Problem description
Return the listing exactly. Keep no pictures.

Recorded data
⟨

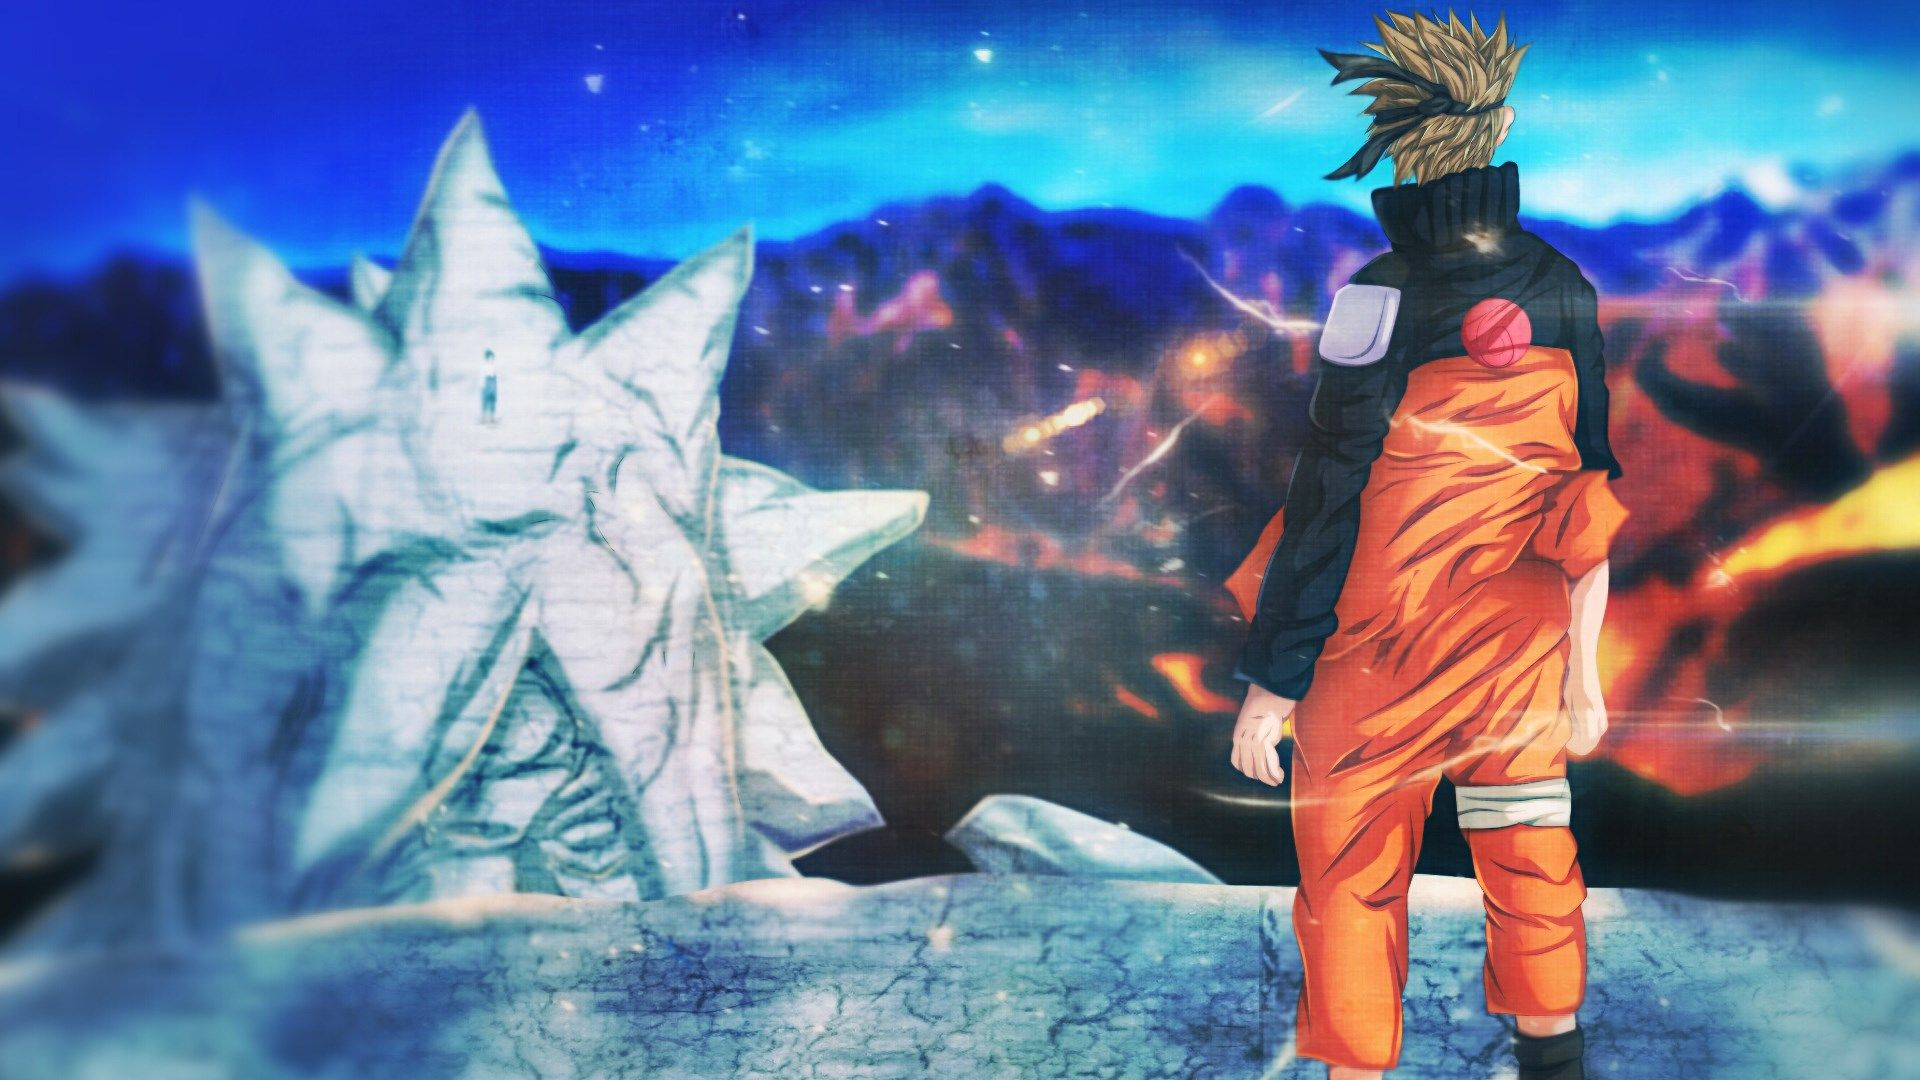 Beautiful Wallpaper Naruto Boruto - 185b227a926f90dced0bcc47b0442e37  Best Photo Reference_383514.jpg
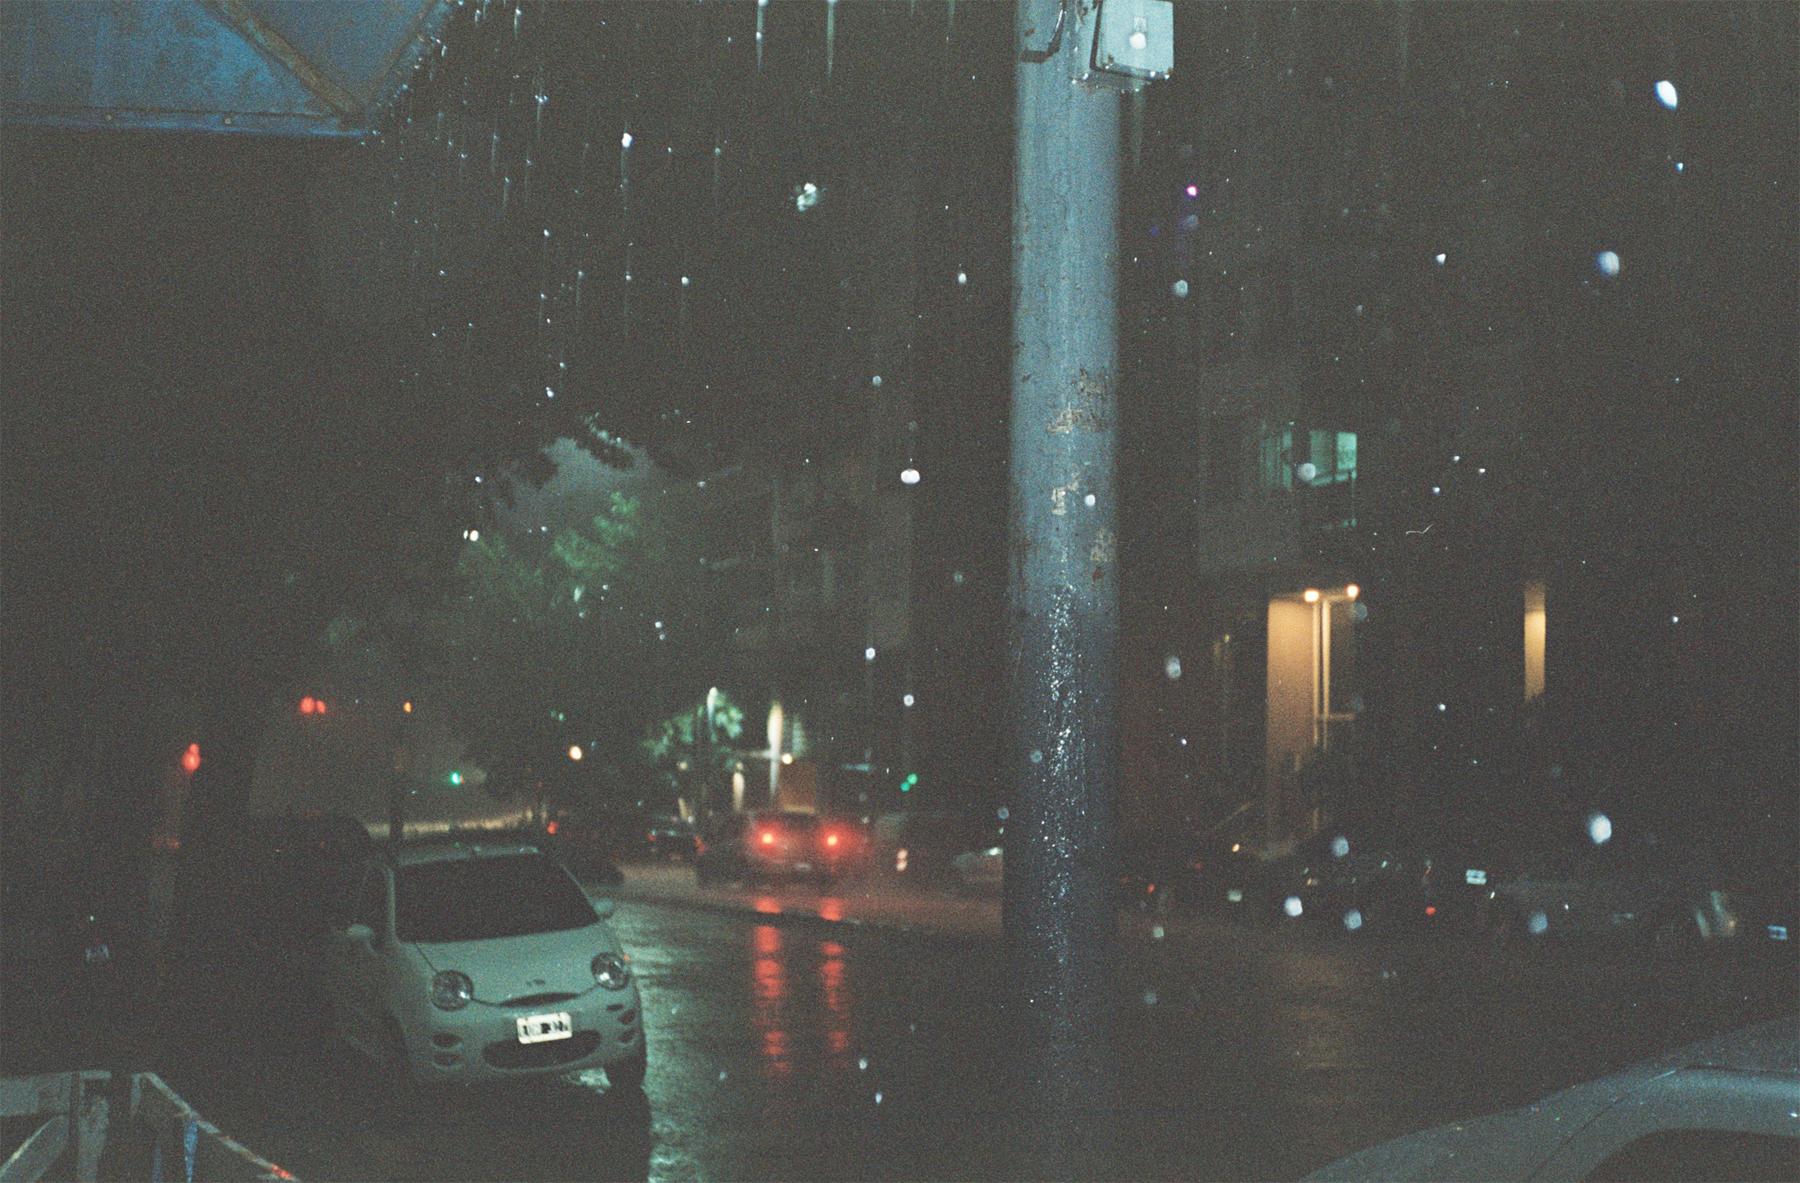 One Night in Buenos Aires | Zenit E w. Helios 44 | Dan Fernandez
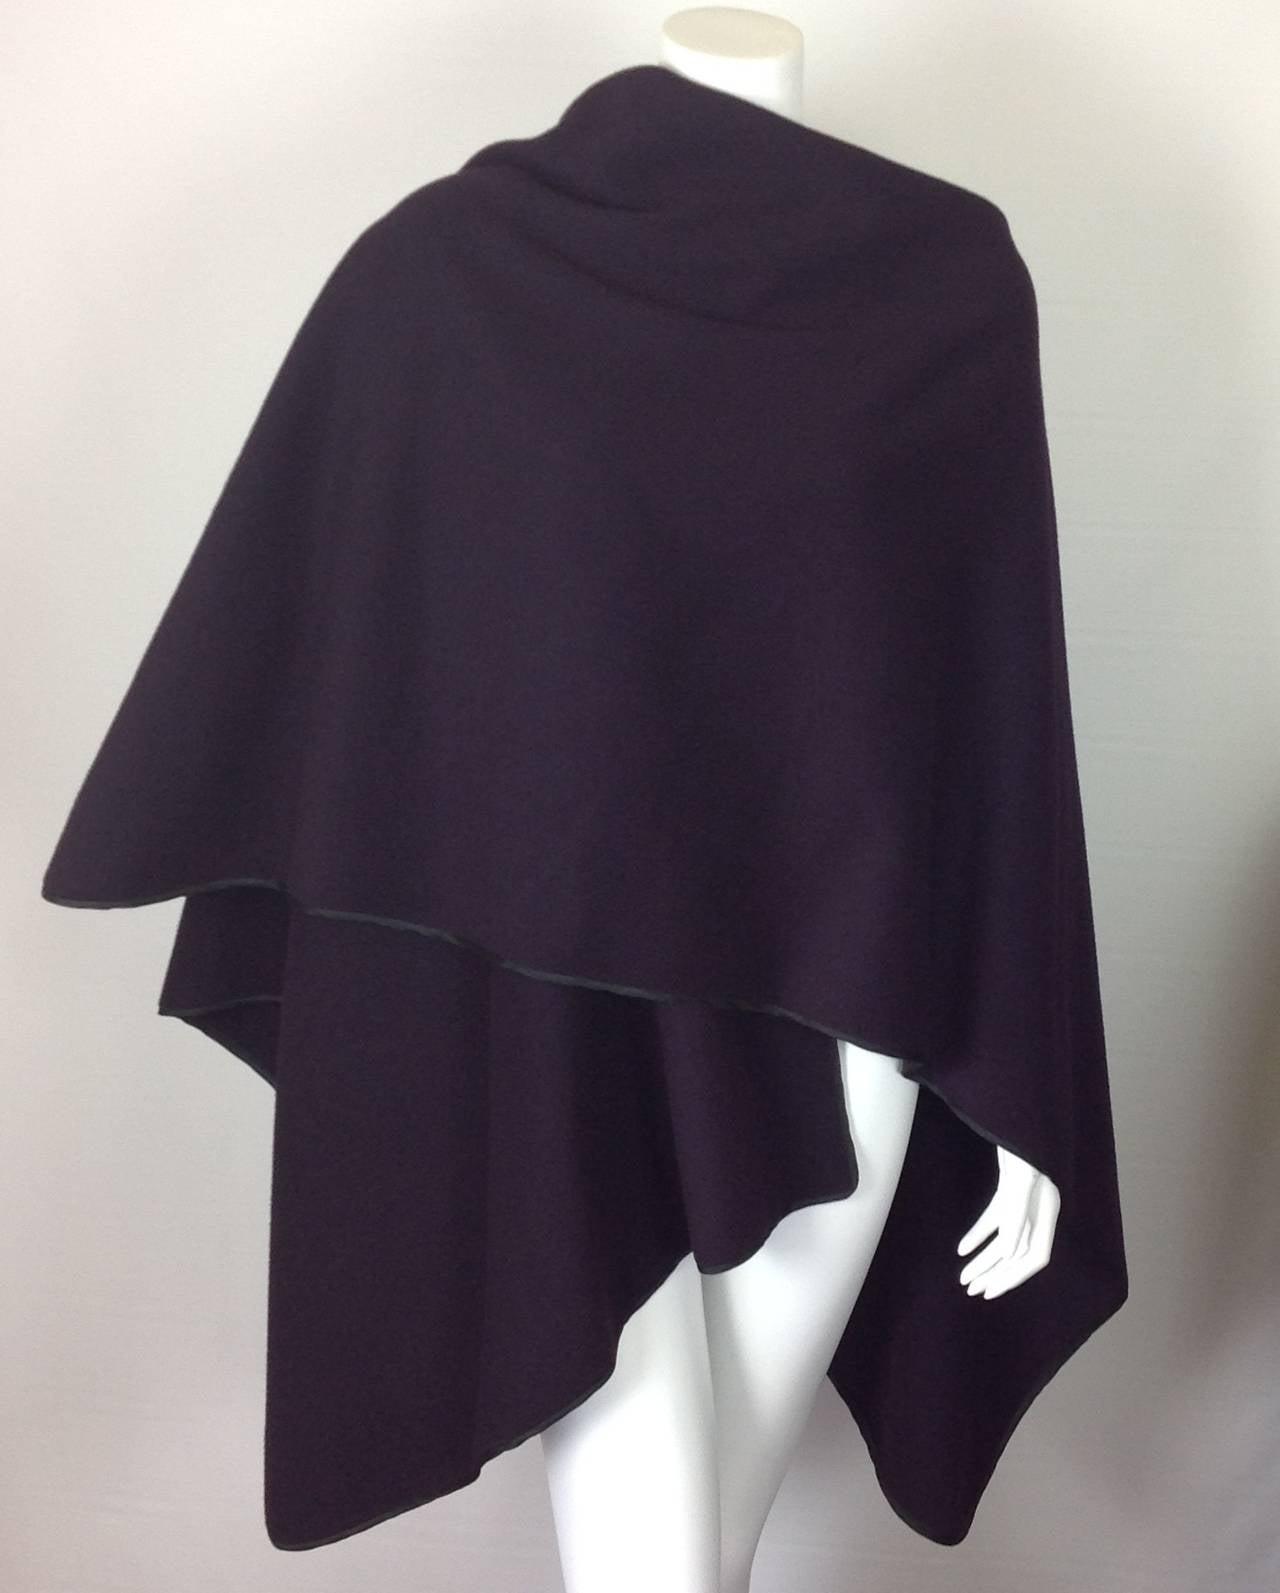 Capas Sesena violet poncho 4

⟩

Task answer
 Beautiful Wallpaper Naruto Boruto - 185b227a926f90dced0bcc47b0442e37  Best Photo Reference_383514.jpg
 One Night in Buenos Aires | Zenit E w. Helios 44 | Dan Fernandez
 Capas Sesena violet poncho 4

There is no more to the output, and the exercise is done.